** Data for this exercise follows **

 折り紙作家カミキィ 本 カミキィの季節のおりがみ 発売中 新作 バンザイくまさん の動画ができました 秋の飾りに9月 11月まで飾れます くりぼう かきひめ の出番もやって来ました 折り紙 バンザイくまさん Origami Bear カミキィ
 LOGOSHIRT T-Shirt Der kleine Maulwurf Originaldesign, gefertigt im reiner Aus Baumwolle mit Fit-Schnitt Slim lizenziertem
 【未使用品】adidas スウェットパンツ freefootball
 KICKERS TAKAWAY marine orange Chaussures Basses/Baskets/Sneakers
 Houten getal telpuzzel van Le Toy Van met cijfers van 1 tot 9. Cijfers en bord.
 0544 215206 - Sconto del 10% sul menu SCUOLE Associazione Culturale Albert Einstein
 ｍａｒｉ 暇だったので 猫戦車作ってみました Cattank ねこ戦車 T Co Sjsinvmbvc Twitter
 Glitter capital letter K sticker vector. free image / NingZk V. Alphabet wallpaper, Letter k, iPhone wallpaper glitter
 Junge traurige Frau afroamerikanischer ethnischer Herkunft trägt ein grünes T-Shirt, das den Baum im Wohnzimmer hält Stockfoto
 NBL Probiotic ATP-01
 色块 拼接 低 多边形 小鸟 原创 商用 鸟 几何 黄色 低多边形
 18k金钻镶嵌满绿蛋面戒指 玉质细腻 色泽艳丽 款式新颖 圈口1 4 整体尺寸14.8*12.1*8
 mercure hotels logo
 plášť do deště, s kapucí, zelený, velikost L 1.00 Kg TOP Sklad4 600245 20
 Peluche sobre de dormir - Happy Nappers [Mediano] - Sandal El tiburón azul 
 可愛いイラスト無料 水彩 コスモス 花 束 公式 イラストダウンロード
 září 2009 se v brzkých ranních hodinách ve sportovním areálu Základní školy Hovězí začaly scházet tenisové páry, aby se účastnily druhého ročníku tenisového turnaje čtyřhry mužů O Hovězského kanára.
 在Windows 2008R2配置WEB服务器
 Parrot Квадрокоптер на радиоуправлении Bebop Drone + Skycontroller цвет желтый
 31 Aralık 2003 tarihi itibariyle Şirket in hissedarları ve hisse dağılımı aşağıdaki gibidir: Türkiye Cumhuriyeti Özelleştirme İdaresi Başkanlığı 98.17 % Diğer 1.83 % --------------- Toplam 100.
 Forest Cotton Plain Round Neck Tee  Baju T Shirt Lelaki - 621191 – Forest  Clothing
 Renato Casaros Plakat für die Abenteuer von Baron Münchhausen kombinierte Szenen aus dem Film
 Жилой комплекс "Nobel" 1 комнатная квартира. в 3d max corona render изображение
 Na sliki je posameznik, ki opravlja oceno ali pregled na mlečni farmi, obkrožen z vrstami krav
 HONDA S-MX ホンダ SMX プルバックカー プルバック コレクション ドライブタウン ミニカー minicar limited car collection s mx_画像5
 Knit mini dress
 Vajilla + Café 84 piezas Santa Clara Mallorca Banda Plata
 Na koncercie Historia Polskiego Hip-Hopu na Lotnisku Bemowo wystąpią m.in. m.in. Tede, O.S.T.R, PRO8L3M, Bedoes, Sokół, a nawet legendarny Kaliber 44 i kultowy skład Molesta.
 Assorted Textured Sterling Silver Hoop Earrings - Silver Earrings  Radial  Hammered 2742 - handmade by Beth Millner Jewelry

** End of Data for this exercise **

About this task: Set down, exactly as they stand above, the lines starting with the line with "Glitter capital letter" and going on through the line with "mercure hotels logo", and no others.

Task response:
 Glitter capital letter K sticker vector. free image / NingZk V. Alphabet wallpaper, Letter k, iPhone wallpaper glitter
 Junge traurige Frau afroamerikanischer ethnischer Herkunft trägt ein grünes T-Shirt, das den Baum im Wohnzimmer hält Stockfoto
 NBL Probiotic ATP-01
 色块 拼接 低 多边形 小鸟 原创 商用 鸟 几何 黄色 低多边形
 18k金钻镶嵌满绿蛋面戒指 玉质细腻 色泽艳丽 款式新颖 圈口1 4 整体尺寸14.8*12.1*8
 mercure hotels logo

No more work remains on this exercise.